The automobiles were caught up in floods as Hurricane Harvey pushed heavy rains and floodwater across a wide swath of the U.S. Gulf Coast in late August 2017, leaving many vehicles damaged but largely intact. Insurance companies have declared many thousands of them as total losses, leaving some to be sold for scrap and others to enter distribution channels for repair and delivery to wholesale car dealers and auto-parts salvagers as far away as Africa, the Middle East and Southeast Asia.
These are the opening two paragraphs of Erica E. Phillips, “Hurricane-Damaged Cars Moving Again as U.S. Exports,” Wall Street Journal, April 5, 2018. (gated)
I know what many of you are thinking because it’s the first thought that occurred to me: is this a scam to pass off badly damaged cars to unknowing buyers?
There’s some good news here:
Mr. Widmer said flood-damaged vehicles generally indicate on their title that they were salvaged.
And some bad news mixed in with good news:
Still, some uninsured cars end up in the secondary market without the proper paperwork. “There are telltale signs of water damage,” he said. “First of all the smell, that’s a big one.”

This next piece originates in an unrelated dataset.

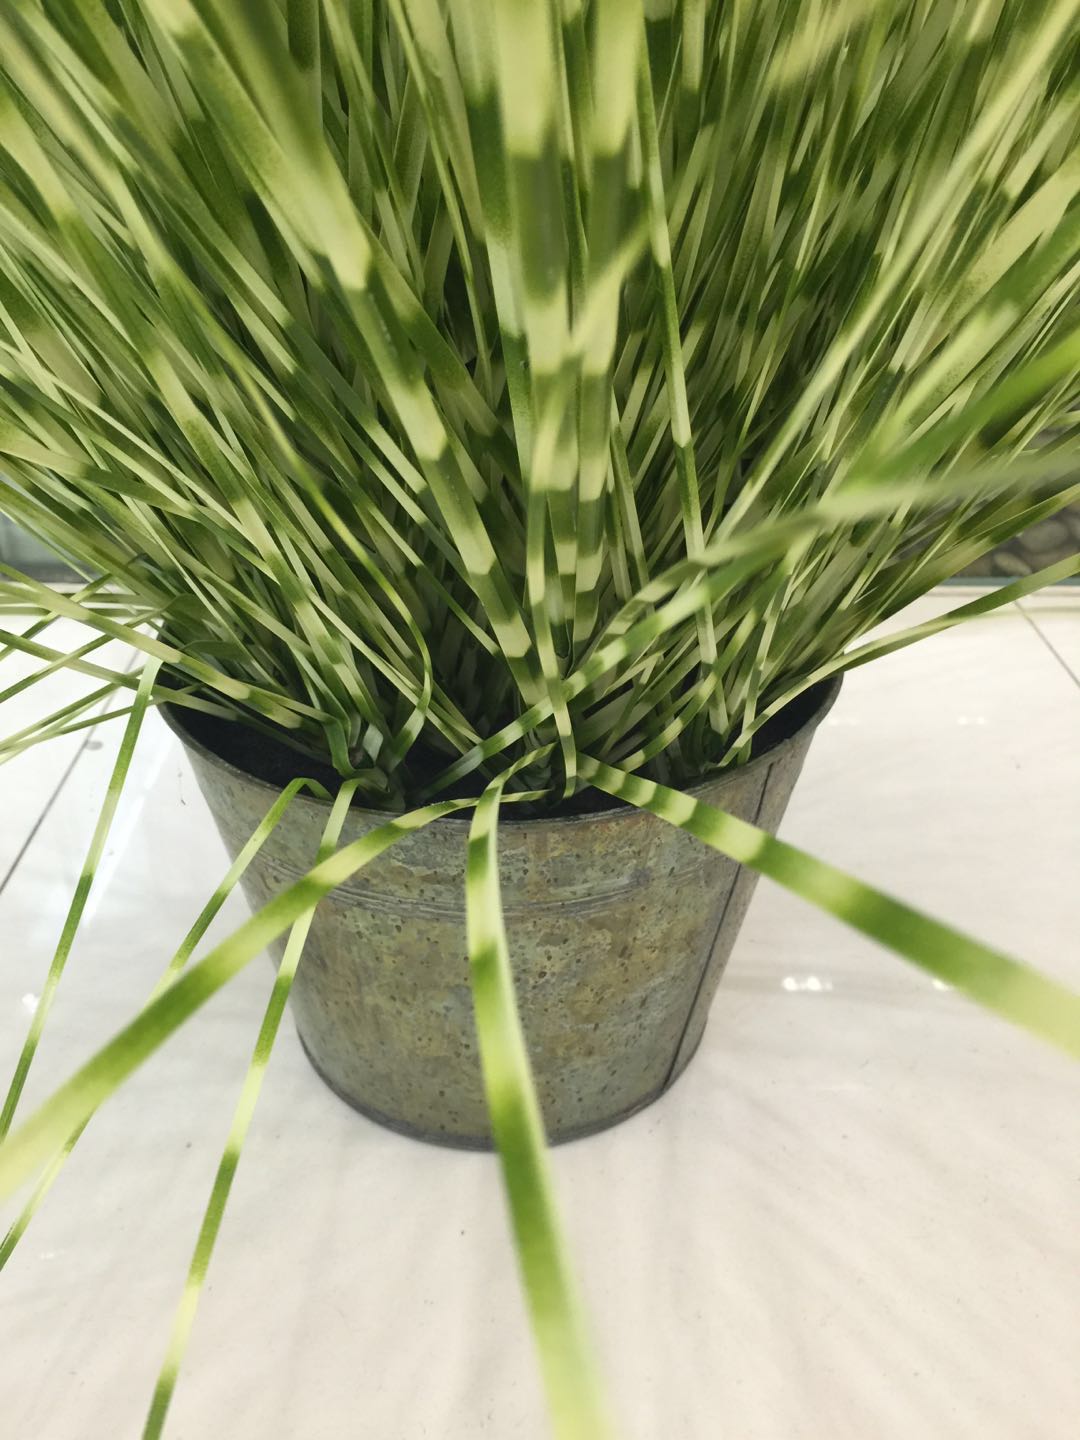 Simple field zebra grass iron basin simulation plant simulation plant home decoration3
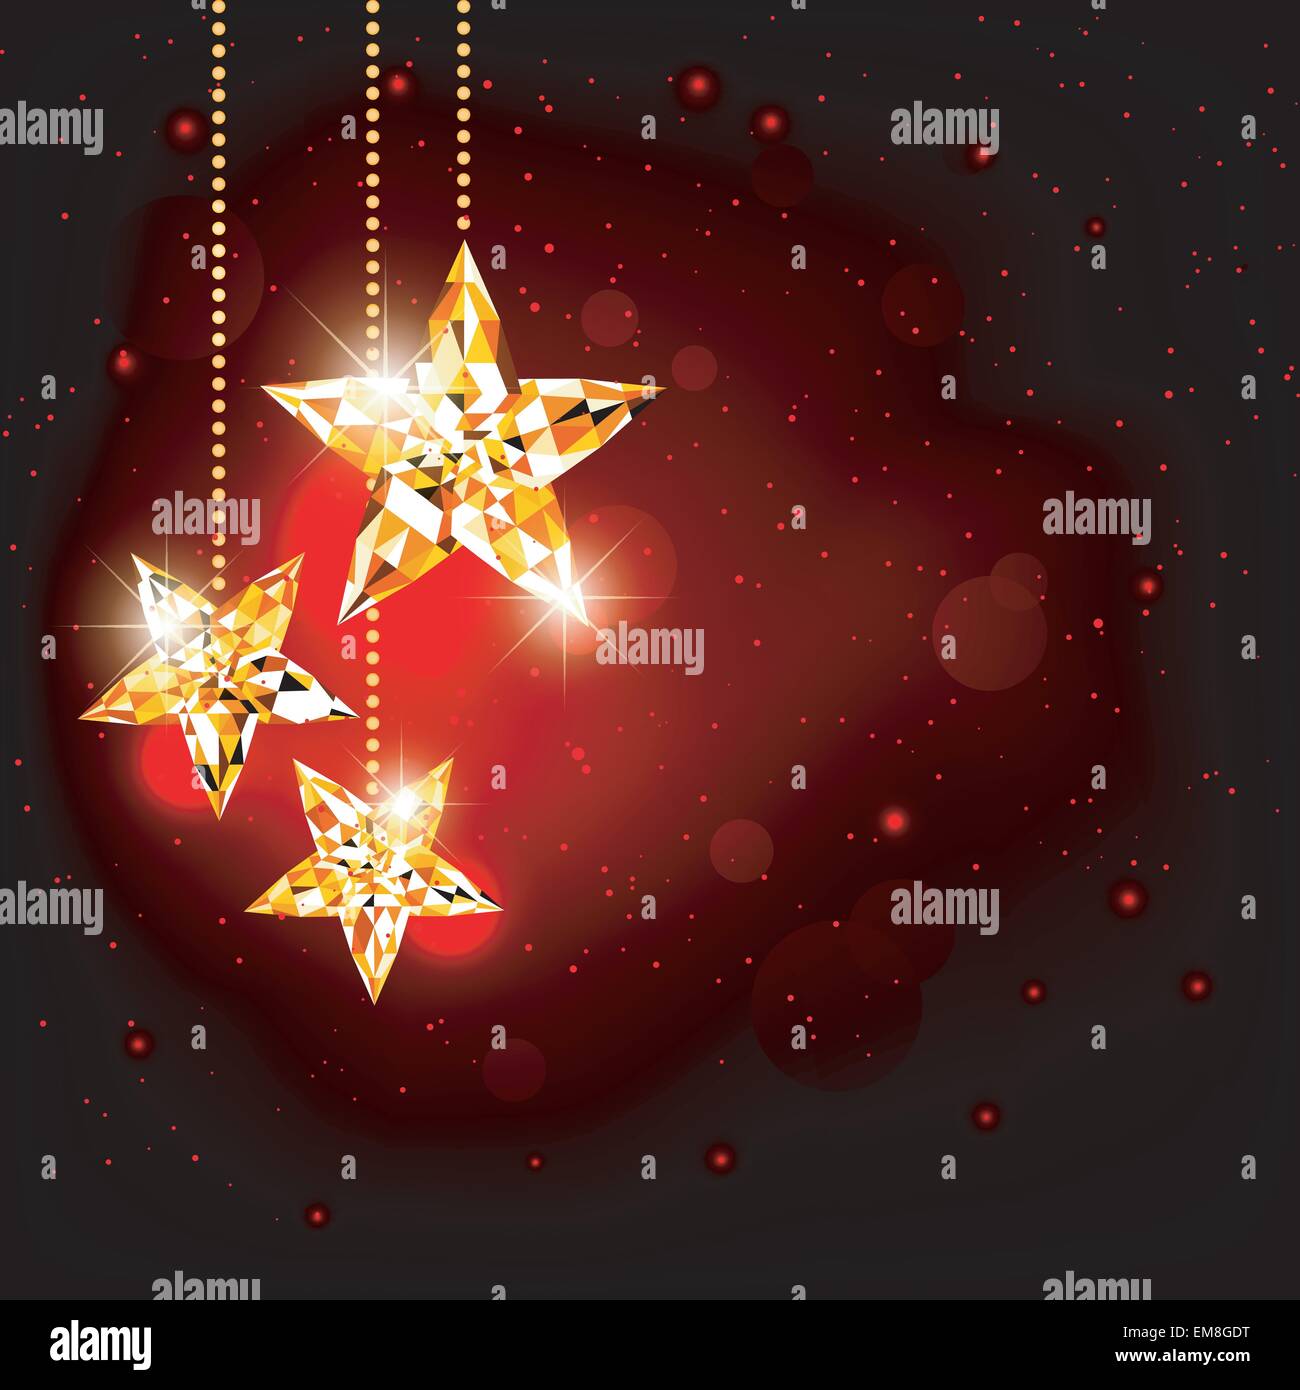 Christmas Polygon Star Background Stock Vector

But why does this arbitrage make sense? Two reasons:
Often it costs less to repair vehicles in regions where labor is less expensive, so a car declared a total loss in the U.S. could end up back on the road. In the U.S., a car deemed as salvage can’t be sold, registered or driven unless it is fully repaired and the owner obtains a new title.
So labor is cheaper elsewhere and regulations in the United States require it to be fully repaired rather than what a low-income buyer might want.
What would be great is if these cars were allowed to be sold in Cuba. A musty 2016 Buick probably beats a 1954 Chevrolet.